Why are ACOs empowering to primary care physicians?
ACOs will target the following key drivers of value:
• Prevention and wellness.
• Chronic disease management.
• Reduced hospitalizations.
• Improved care transitions.
• Multispecialty comanagement of complex patients.
Primary care physicians play a central role in each of these categories.
As Harold Miller of the Center for Healthcare Quality and Payment Reform once said: "In order to be accountable for the health and health care of a broad population of patients, an accountable care organization must have one or more primary care practices playing a central role."
In fact, primary care providers are the only type of provider mandated for inclusion in the ACO Shared Savings Program under the Affordable Care Act.
But are ACOs likely to be favorable situations for primary care physicians?
First, let’s consider the pros. Many physicians find that the ACO movement’s emphasis on primary care to be a validation of the reasons they went to medical school. Being asked to guide the health care delivery system and being given the tools to do so is empowering. Leading change that will save lives and improve patient access to care would be deeply fulfilling. There also is, of course, the potential for financial gain.

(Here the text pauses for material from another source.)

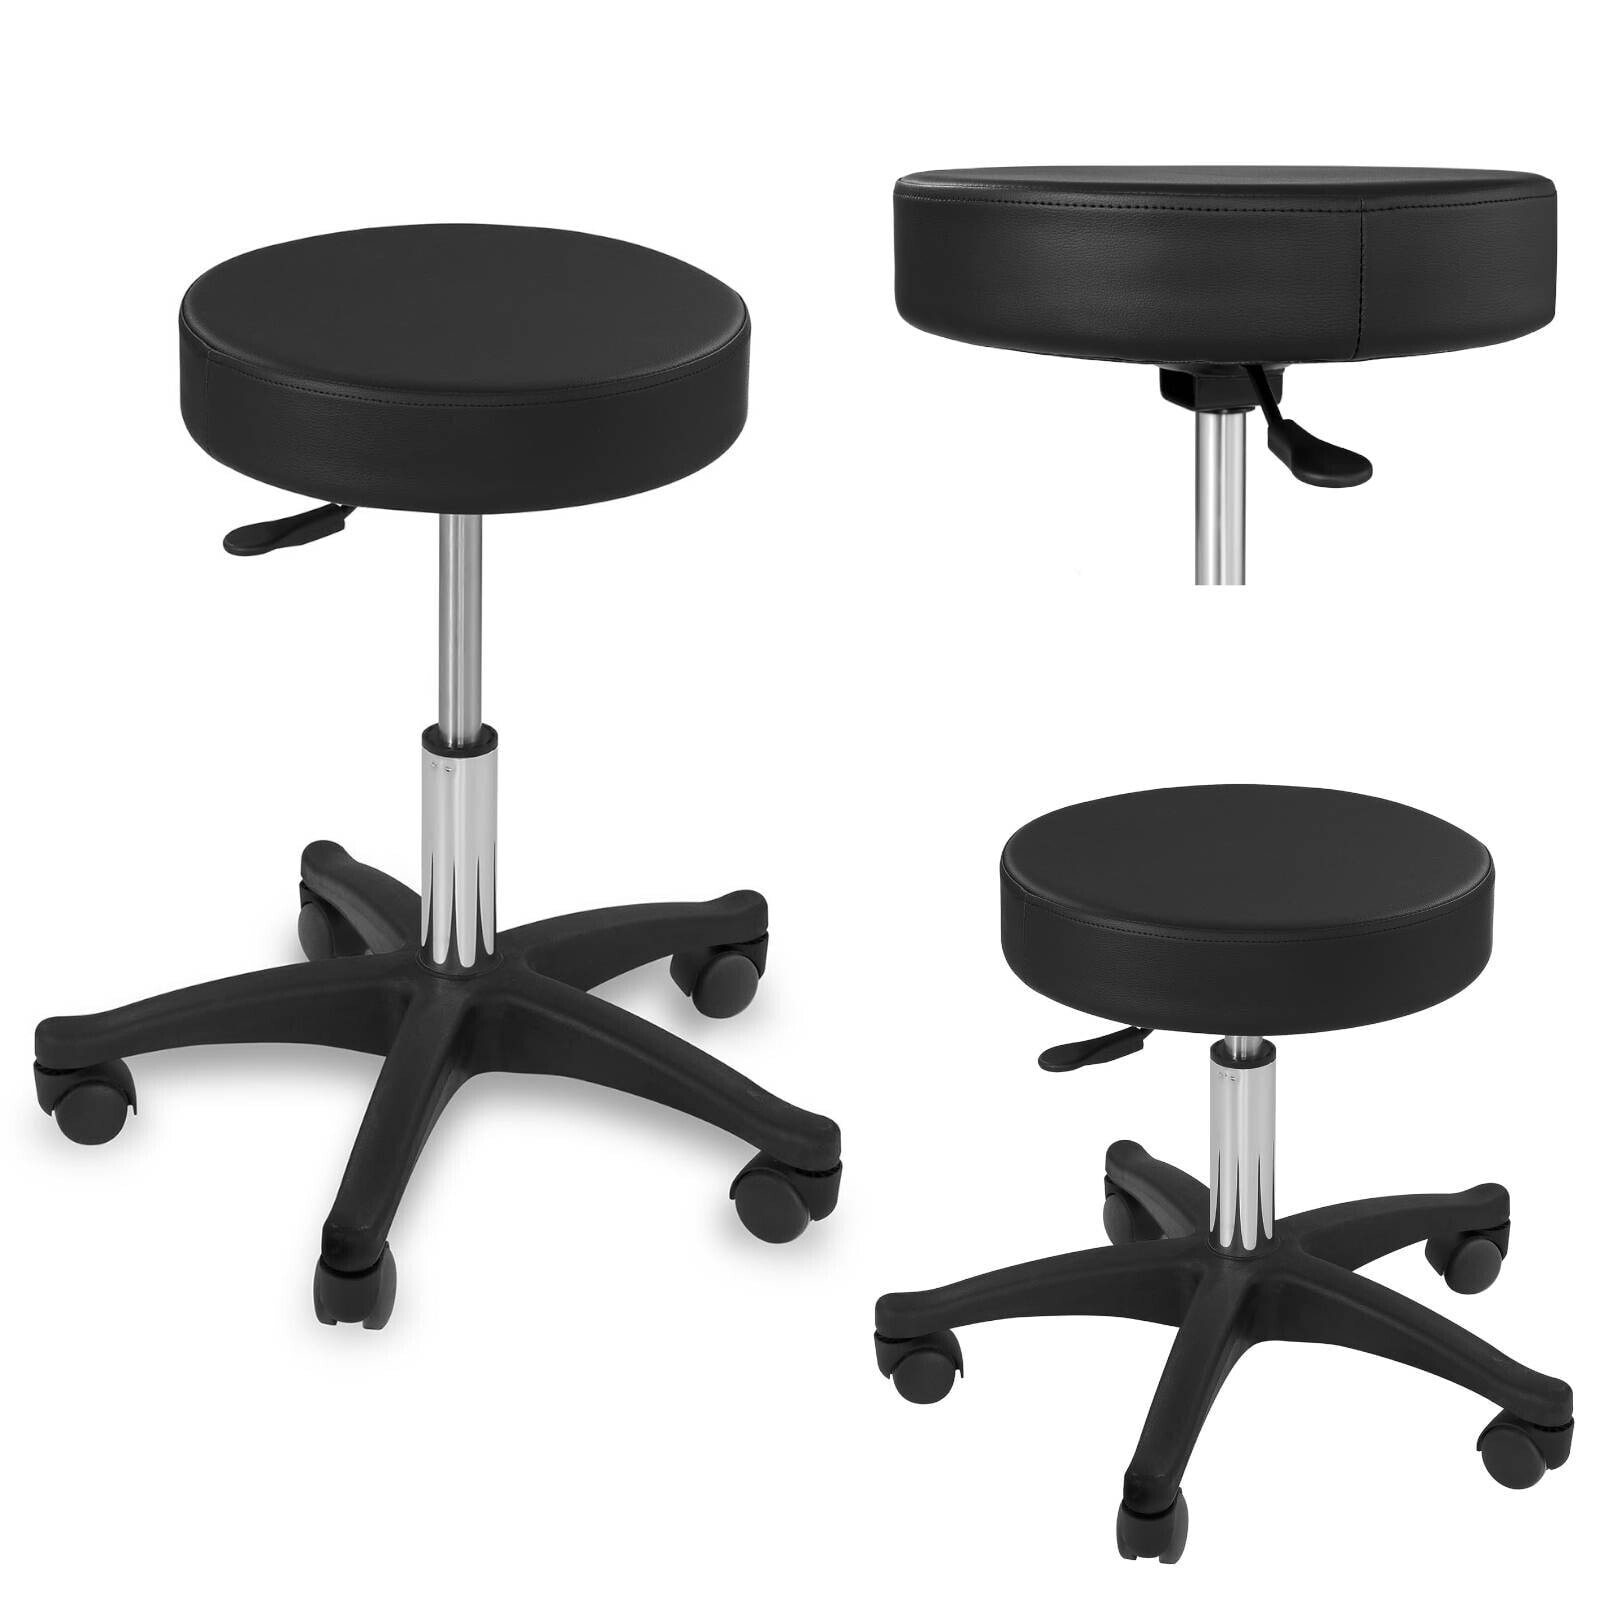 Stool, cosmetic swivel stool on Physa AVERSA wheels, black

Unlike physicians in other specialties, primary care physicians have many opportunities in ACOs.
On the con side, you are not alone if you feel overworked or burned out, or that you simply do not have the time, resources, or remaining intellectual bandwidth to get involved.

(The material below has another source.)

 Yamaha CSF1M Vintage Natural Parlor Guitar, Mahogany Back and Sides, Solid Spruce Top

Many have already weathered promises from the "next big thing" that in the end did not work out as advertised. And equal numbers have little capital and no business or legal consultants on retainer, as do other health care stakeholders. Time is stretched tight in many areas of the country that are already feeling the effects of a primary care workforce shortage – and now the ACO model is asking that you take on more responsibility?
But here’s the thing: If primary care physicians do not recognize the magnitude of their role in time, the opportunity for ACO success will pass them by and be replaced by dismal alternatives.
And there are already success stories. Starting with several simple Medicaid initiatives, North Carolina primary care physicians created a statewide confederation of 14 medical home ACO networks. Although the work involved is plentiful, so have been the rewards.
Among them is a renewed empowerment and leverage for their interests when they contract with payers and facilities. In interviews with the networks’ physicians, the consensus is that although much is uncertain, the primary care physicians feel much more prepared to face the changes in health care, having first created the medical home networks that lead to medical home–centric ACOs.
For those primary care physicians who choose to join a hospital, the same pros and cons generally apply. By being on the "inside," employed physicians may actually have more influence to shape a successful ACO that fairly values the role of primary care. However, they may have more difficulty freely associating with an ACO outside of the hospital’s ACO.
Whether you are inside or outside the hospital setting, there is tremendous financial opportunity for primary care providers. Shared savings is based on all costs, including those for hospitalization and drugs. The distribution of the shared savings will be proportional to the relative contribution to the savings. Thus, the percentage going to primary care stands to be considerable.
America cannot afford its current health care system. It is asking physicians to run a new health care system, with primary care at its core. There is a dramatic change of focus, from cost centers in health care to savings centers in health care.
Empowerment is being offered, but primary care must step up in order to enjoy it.